Lazaridou Angeliki, Marelli Marco, Baroni Marco
Center for Mind/Brain Sciences, University of Trento.
Department of Experimental Psychology, Ghent University.
Cogn Sci. 2017 Apr;41 Suppl 4:677-705. doi: 10.1111/cogs.12481. Epub 2017 Mar 21.
By the time they reach early adulthood, English speakers are familiar with the meaning of thousands of words. In the last decades, computational simulations known as distributional semantic models (DSMs) have demonstrated that it is possible to induce word meaning representations solely from word co-occurrence statistics extracted from a large amount of text. However, while these models learn in batch mode from large corpora, human word learning proceeds incrementally after minimal exposure to new words. In this study, we run a set of experiments investigating whether minimal distributional evidence from very short passages suffices to trigger successful word learning in subjects, testing their linguistic and visual intuitions about the concepts associated with new words. After confirming that subjects are indeed very efficient distributional learners even from small amounts of evidence, we test a DSM on the same multimodal task, finding that it behaves in a remarkable human-like way. We conclude that DSMs provide a convincing computational account of word learning even at the early stages in which a word is first encountered, and the way they build meaning representations can offer new insights into human language acquisition.
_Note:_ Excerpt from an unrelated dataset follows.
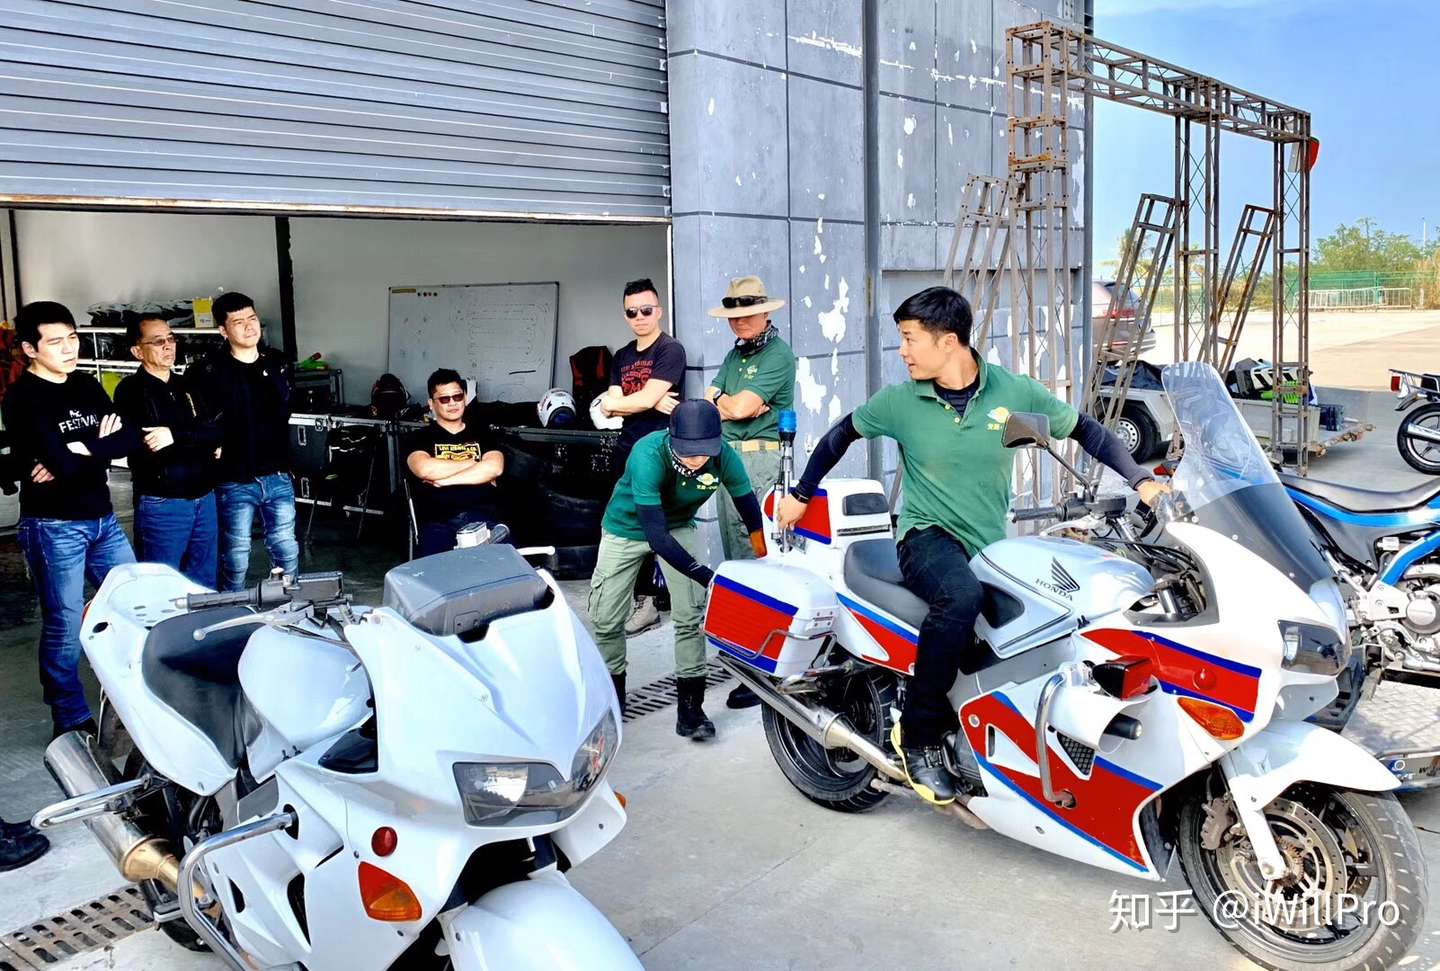 韩国驾照idp完全攻略 摩托车大排量 科目二场内考试 汉城 济州 知乎
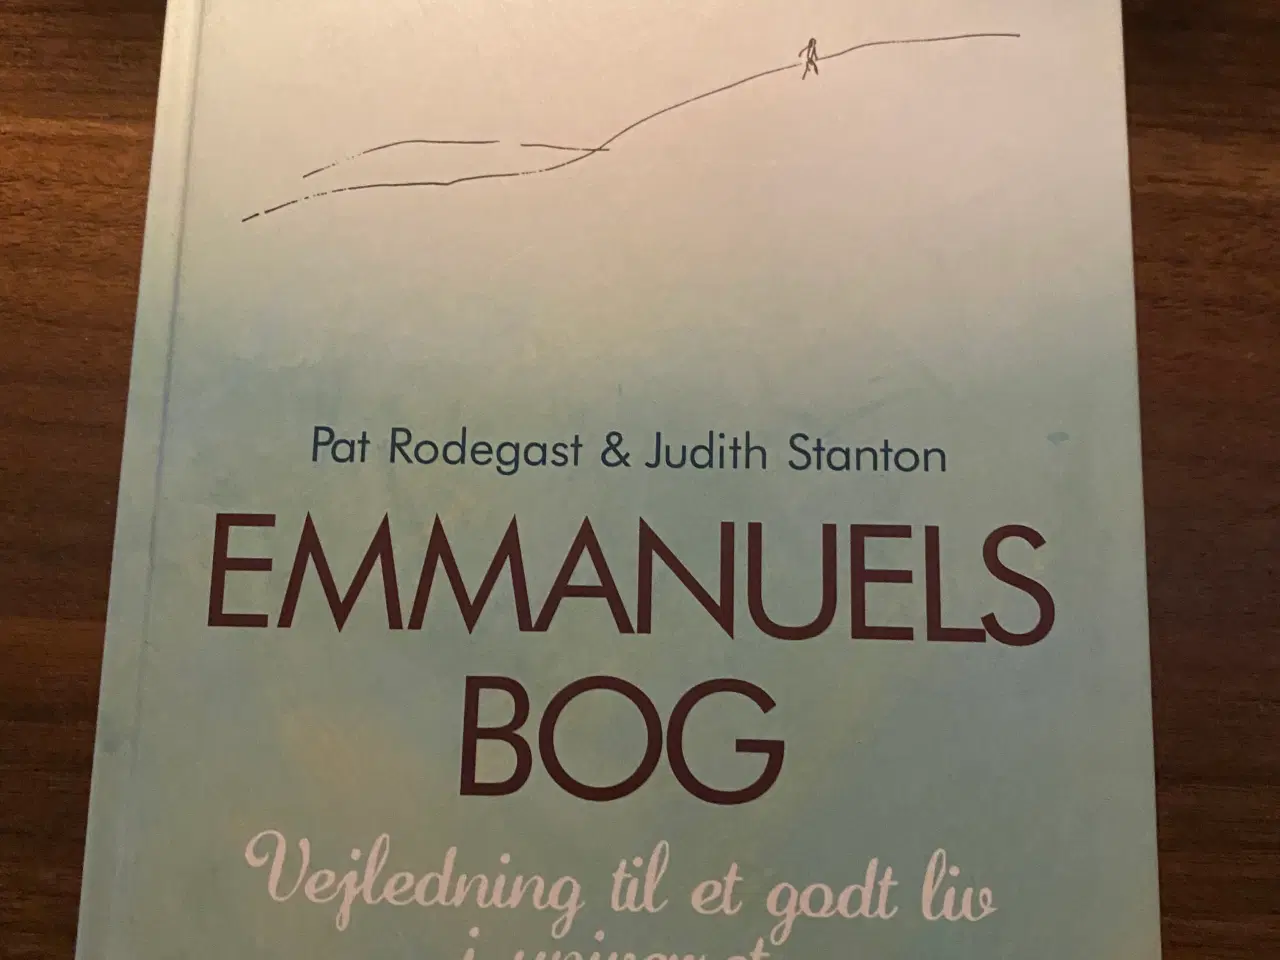 Billede 1 - EMMANUELS Bog, Pat Rodegast og Judith Stanton

到他们进入成年早期时,说英语的人已经熟悉了数千个单词的含义。在过去几十年中,被称为分布语义模型(DSM)的计算模拟表明,仅从大量文本中提取的单词共现统计数据就有可能诱导出单词意义表征。然而,虽然这些模型以批处理模式从大型语料库中学习,但人类的单词学习在接触新单词的时间很少之后就会逐步进行。在本研究中,我们进行了一组实验,调查来自非常短的段落的最少分布证据是否足以触发受试者成功的单词学习,测试他们对与新单词相关概念的语言和视觉直觉。在确认受试者即使从少量证据中也确实是非常高效的分布学习者之后,我们在相同的多模态任务上测试了一个DSM,发现它的行为方式与人类非常相似。我们得出结论,DSM即使在首次遇到单词的早期阶段也能为单词学习提供令人信服的计算解释,并且它们构建意义表征的方式可以为人类语言习得提供新的见解。